Vietor und Roland, ja diese beiden echten Aktivposten der deutschen ITI Fellows mausern sich langsam zur sprichwörtlichen Allzweckwaffe der Deutschen Sektion. Referentenduos Zahnmedizin-Zahntechnik – übrigens erstmals auf einer ITI-Veranstaltung präsentiert – sind zwischenzeitlich auf vielen Tagungen und Kongressen zu hören, aber kaum einem gelingt es derart unterhaltend und fundiert zugleich zu referieren, wie Kay Vietor und Björn Roland. In Rust sprachen sie in Ihrem Teamvortrag über die „Digitale Transformation“. Vietor berichtete, dass durch die digitale Transformation in den vergangen Jahren nahezu alle Abläufe in seiner Zahnarztpraxis starken Veränderungen unterzogen worden sind. Dies alles unter dem Stichwort „smile in a box“; Grundvoraussetzung hierfür ist allerdings – als Dienstleister – das digitale Labor. Die Folgen dieser Transformation sind vor allem für den Patienten durchaus attraktiv – eine deutliche Reduktion von Behandlungsterminen zum Beispiel. Das rührige Referentenduo liebt es seine Botschaften über „story telling“ an die Frau/ den Mann zu bringen – da wurde auch schon mal gefragt, was „Turnschuhe, Müsli und abutments gemeinsam haben?“ (nämlich die Individualisierung) und da wurde auch schon mal ein Basketballkorb auf der Bühne aufgebaut (und während des Referats genutzt), dieses Mal indes stand Hollywood Pate für die Präsentation, die in Anlehnung an block-buster-Filmen erfolgte. So wurden anhand des digitalen Drehbuchs (Datenaquise (Röntgen/ Intraoralscan), Planung, Insertion und Eingliederung) der Dokumentationsfilm, der Actionfilm, der Katastrophenfilm und die Schmonzette dem Auditorium präsentiert.

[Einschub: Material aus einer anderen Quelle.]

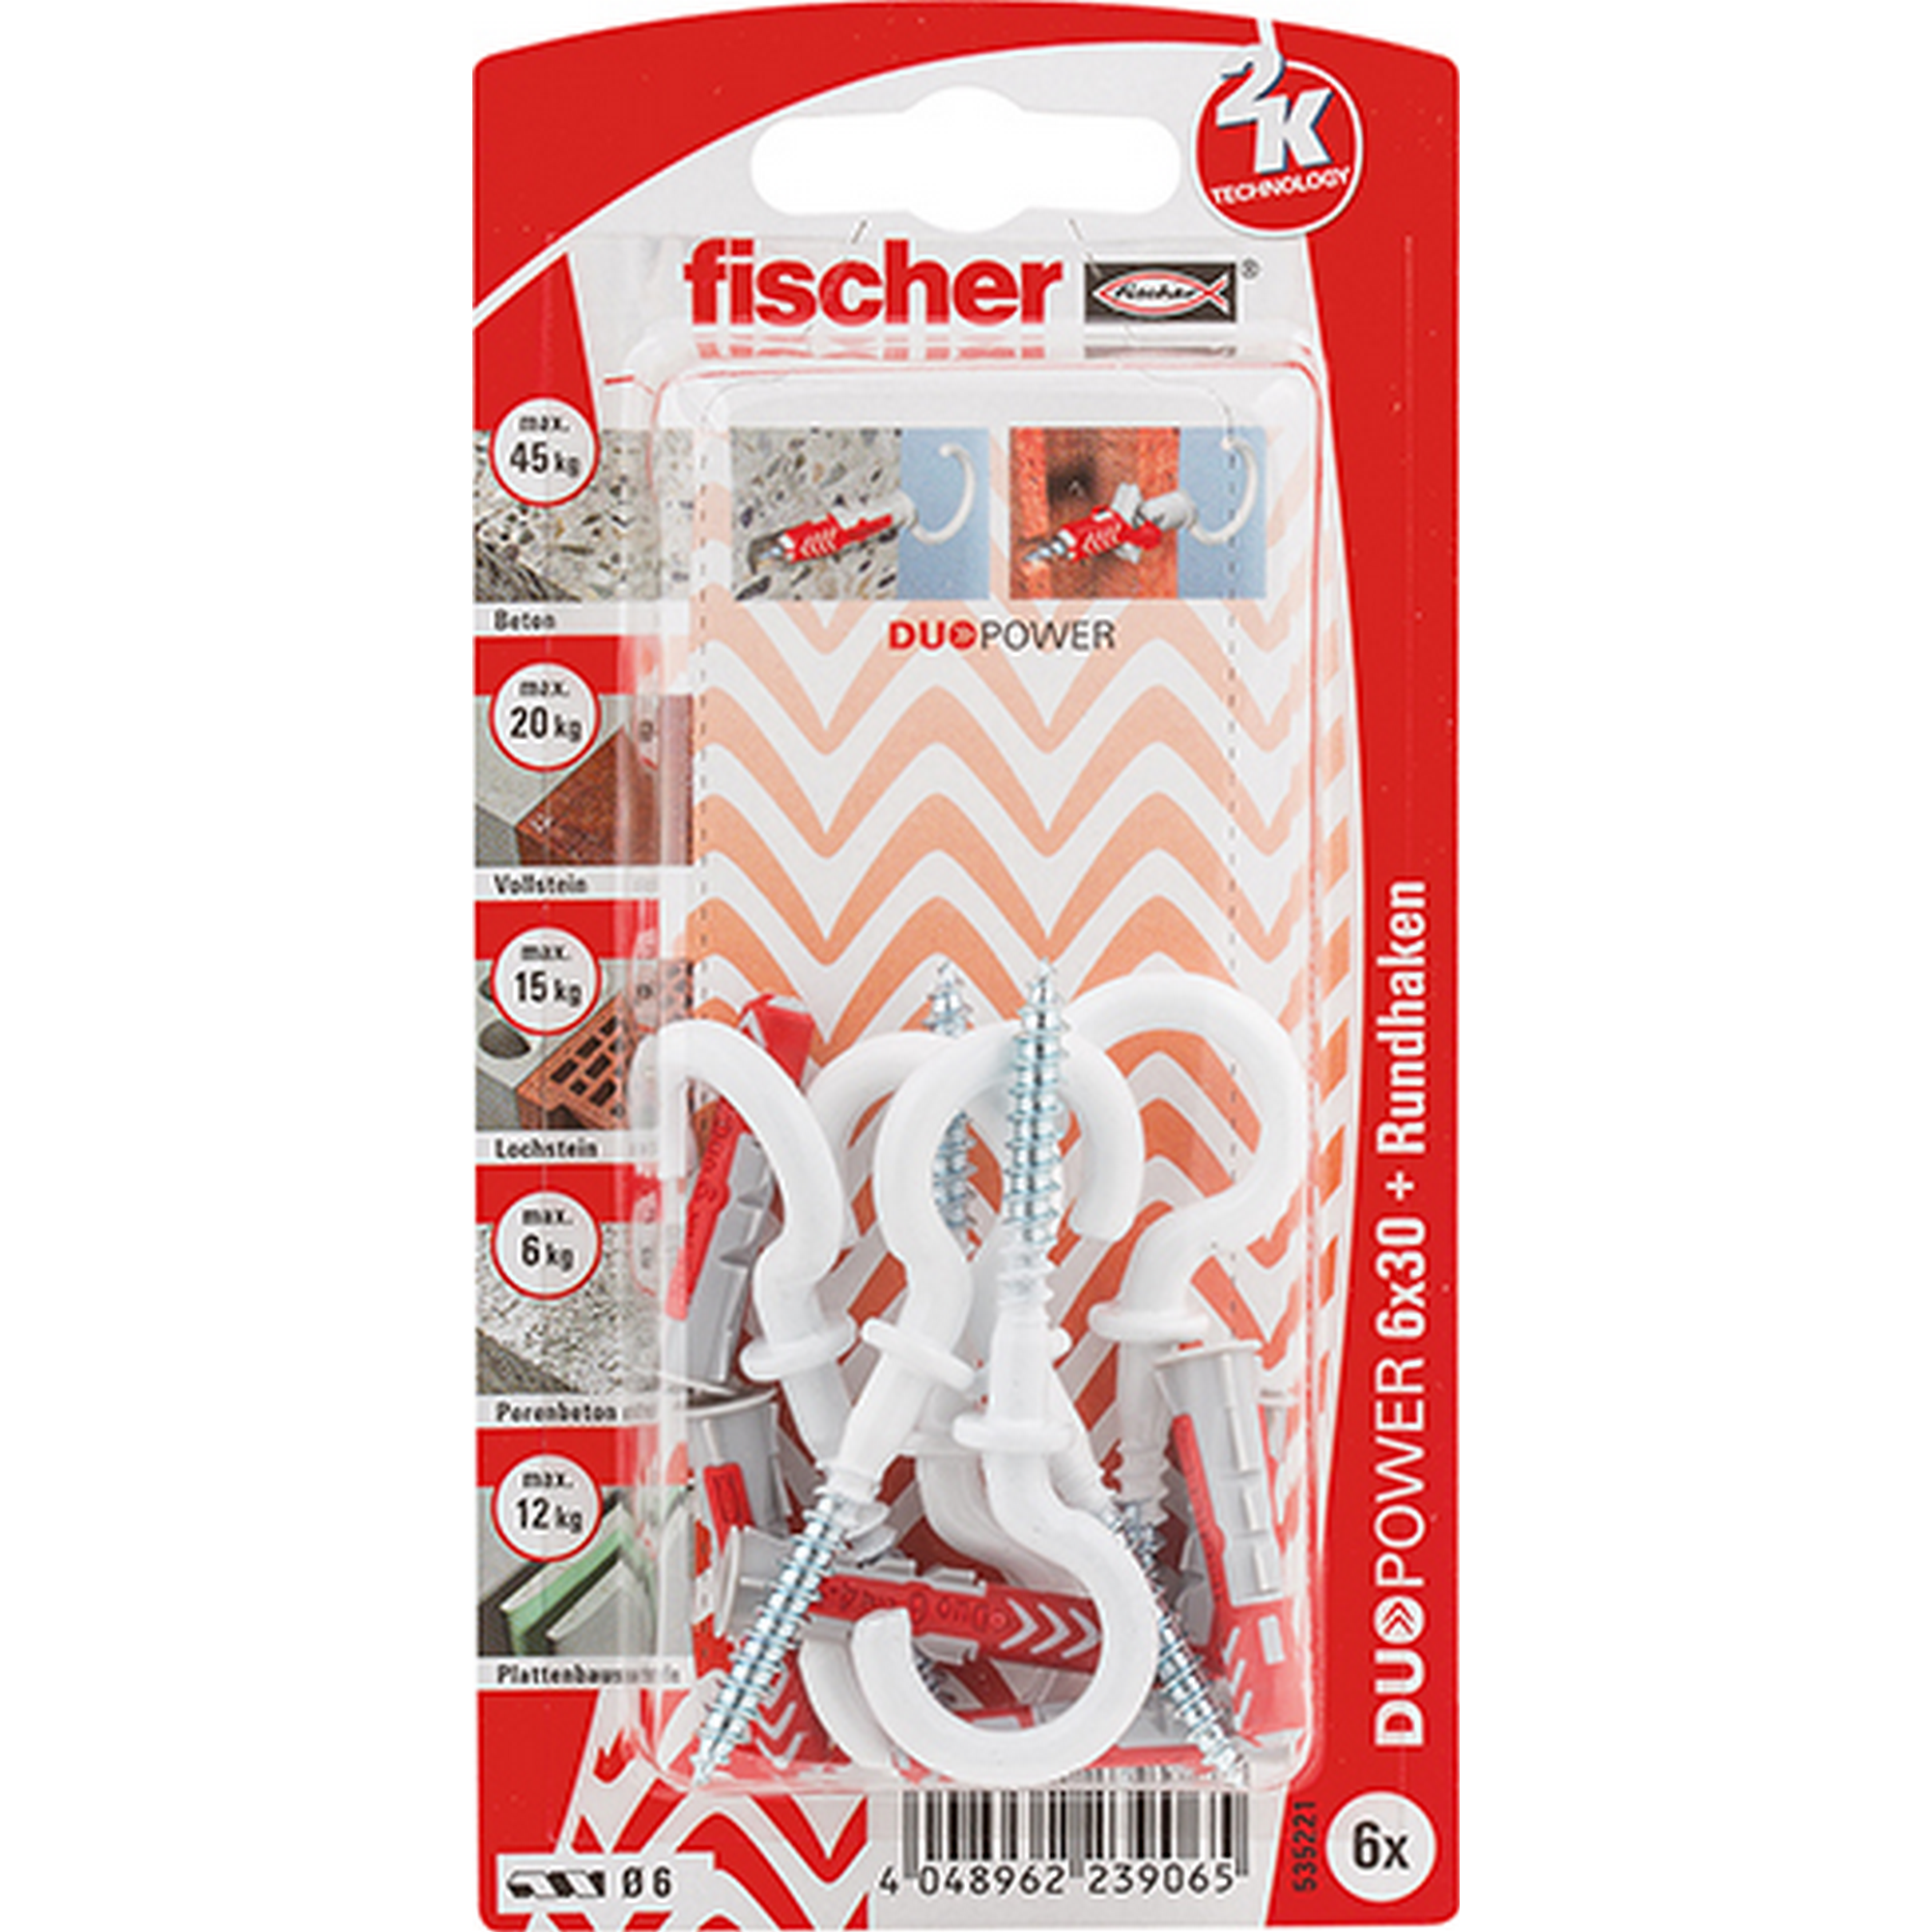 fischer DUOPOWER 6 x 30 RH mit Rundhaken, nylonbeschichtet 6 Stück + product picture

Das erste Spezialpodium Zahntechnik unter Führung des ITI – ein gelungener Auftakt, der im kommenden Jahr in Rust ganz sicher eine Wiederholung finden wird – dann aber hoffentlich in Post-Pandemie-Zeiten und in Präsenz! Denn das Konzept der Bezirkszahnärztekammer Freiburg „Die Dentalfamilie trifft sich in Rust“ wird nur dann voll mit Leben erfüllt, wenn gut 2300 Zahnärzte, Zahntechniker, Zahnmedizinische Angestellte, Kieferorthopäden und Oralchirurgen, sowie Kieferchirurgen die Hallen des Confertainment-Centers und die wohlbestückte Dentalausstellung füllen und sich in den Pausen bei einem Kaffee oder Snack austauschen. Die Bezirkszahnärztekammer Freiburg hat die Fachzahnarztpodien und das Zahntechnikpodium behutsam und zielsicher in den vergangenen Jahren entwickelt um flankierend zu dem Hauptprogramm für Zahnärztinnen und Zahnärzte und dem für die Zahnmedizinischen Fachangestellten eine ideale Ergänzung zu bieten und um die Dentalfamilie wiederum komplett in Rust zu versammeln.